Why can’t production logs help you find the real root cause of your errors?
Asking if you’re using log files to monitor your application is almost like asking… do you drink water. We all use logs, but HOW we use them is a whole different question.
In the following post we’ll take a deeper look into logs and see how they are used and what’s written to them. Let’s go.
Big shout out to Aviv Danziger from our R&D team for his huge help pulling and crunching the data for us.
[This blog post is included as chapter 3 of our free Guide to Java Logging in Production. Download the full eBook here.]
— OverOps (@overopshq) February 7, 2017
Our quest for answers requires a large amount of data, and that’s why we turned to Google BigQuery. A few months ago we used it for the first time to see how GitHub’s top Java projects use logs.

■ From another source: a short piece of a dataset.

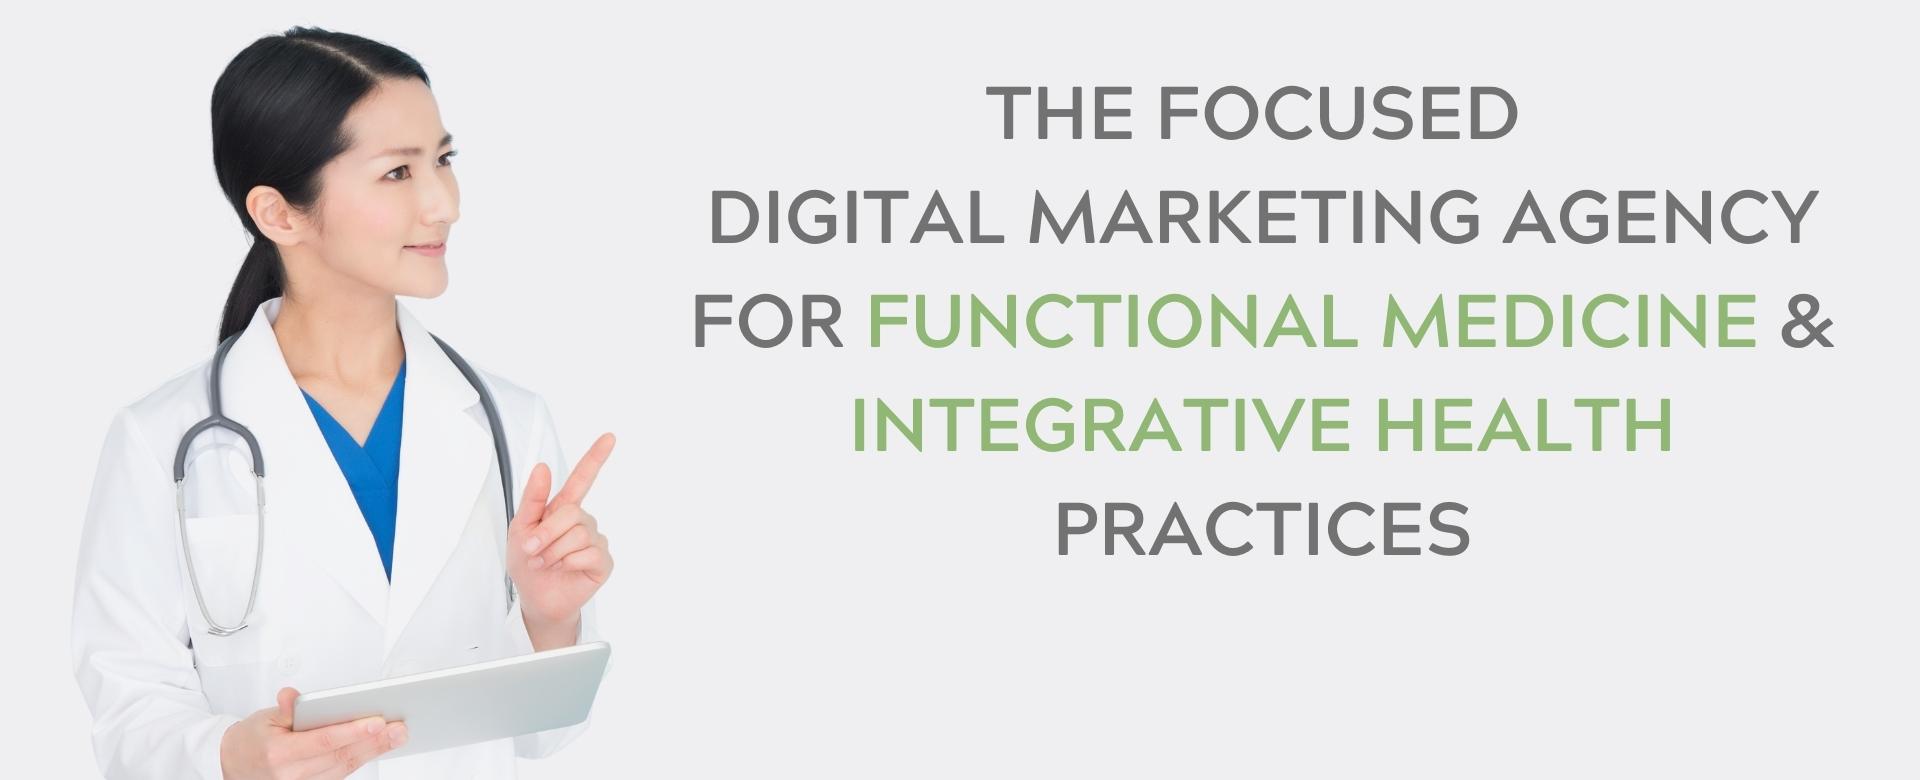 Root Cause Functional Medicine Marketing - The Focused Digital Marketing Agency for Functional Medicine and Integrative Health Practices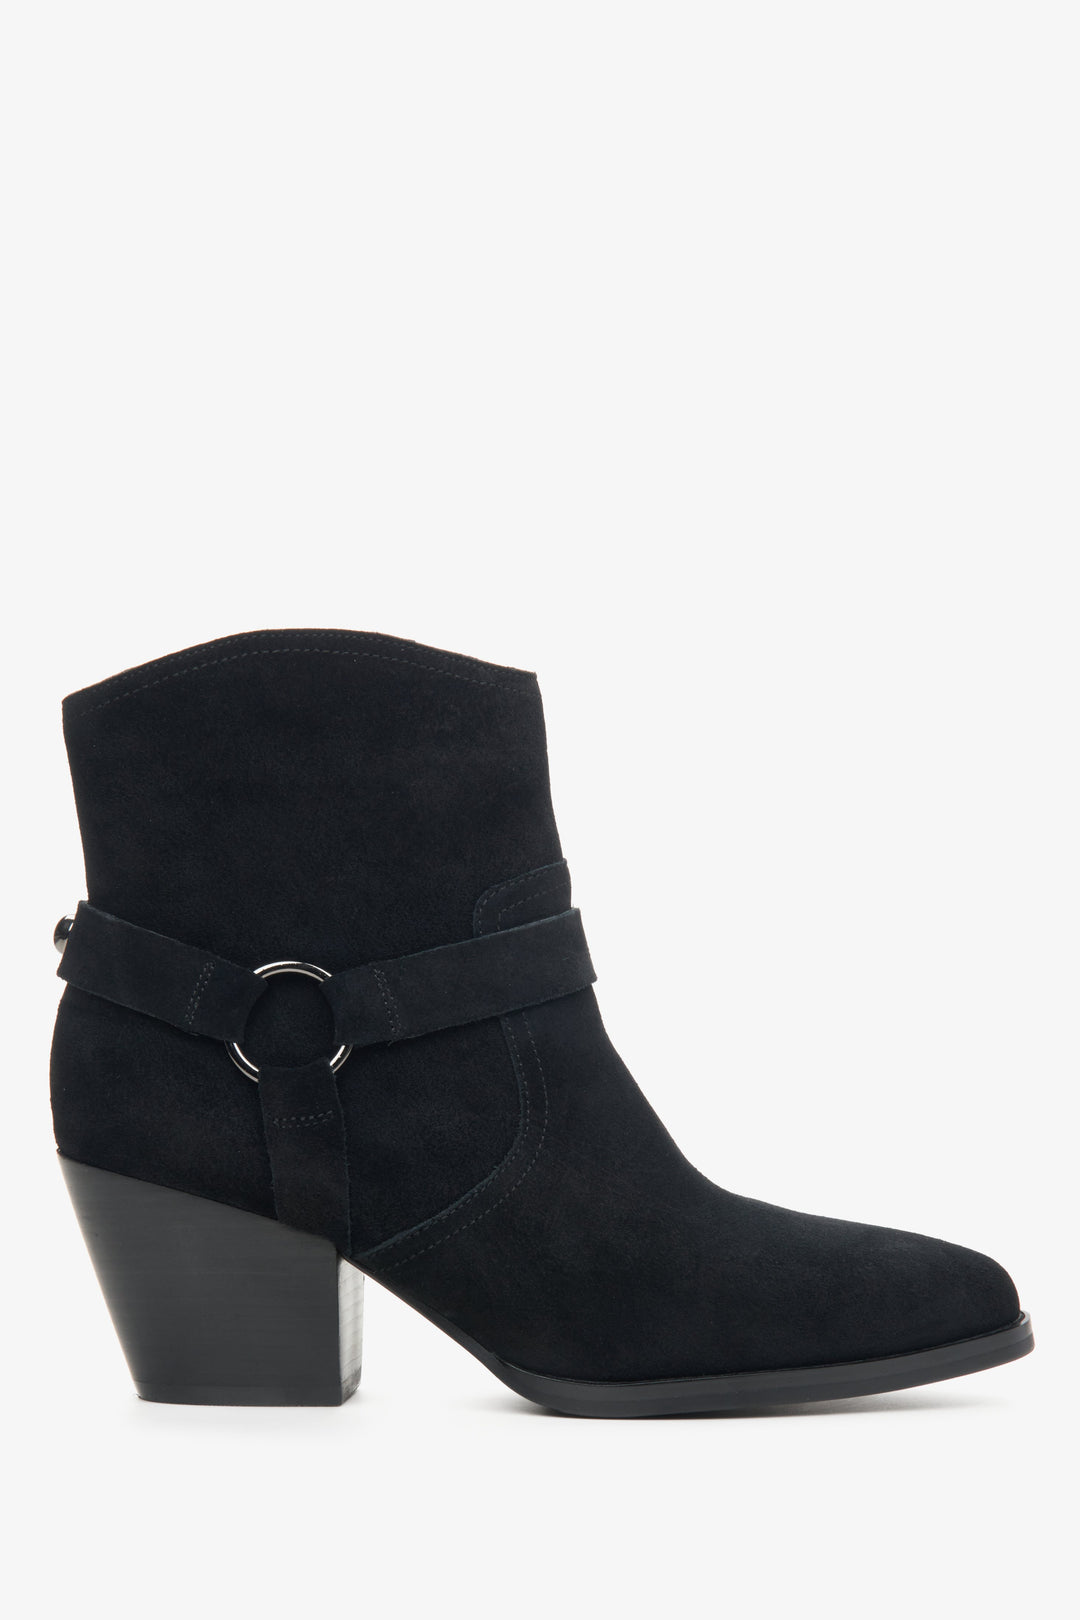 Women's Low-Top Black Cowboy Boots made of Genuine Suede with Decorative Strap Estro ER00113870.

For our current post, we took the top 400,000 Java repositories on GitHub, ranked by number of stars they were given in 2016. Out of those repositories we filtered out Android, sample projects and simple testers, which left us with 15,797 repositories.
Then, we extracted the repositories that had over 100 logging statements, which left us with 1,463 repos to work on. Now, it’s time for the fun part of finding the answers for all those questions that kept us awake at night.
TL;DR: Main Takeaways
If you’re not into pie, column or bar charts and want to skip the main course and head straight for the dessert, here are the 5 key points we learned about logging and how it’s really done:
1. Logs don’t really have as much information as we think, even though they can add up to hundreds of GBs per day. Over 50% of statements have no information about the variable state of the application
2. In production, 64% of overall logging statements are deactivated
3. The logging statements that do reach production have 35% less variables than the average development level logging statement
4. “This should never happen” always happens
5. There’s a better way to troubleshoot errors in production
1. How Many Logging Statements Actually Contain Variables?
The first thing we wanted to check is how many variables are sent out in each statement. We chose to slice the data on a scale from 0 variables up to 5 and above, in each repository. We then took the total count, and got a sense of the average breakdown over all of the projects in the research.
As you can see, the average Java project doesn’t log any variables in over 50% of its logging statements. We can also see that only 0.95% of logging statements send out 5 variables or more.
2. How Many Logging Statements Are Activated in Production?
Development and production environments are different for many reasons, one of them is their relation to logging. In development, all log levels are activated. However, in production only ERROR and WARN are activated. Let’s see how this breakdown looks like.
The chart shows that the average Java application has 35.5% unique logging statements that have the potential to be activated in production (ERROR, WARN), and 64.5% statements that are only activated in development (TRACE, INFO, DEBUG).
3. What’s the Average Number of Variables per Each Log Level?
So, not only do developers skimp on variables in their statements, the average Java application doesn’t send out that much statements to production logs in the first place.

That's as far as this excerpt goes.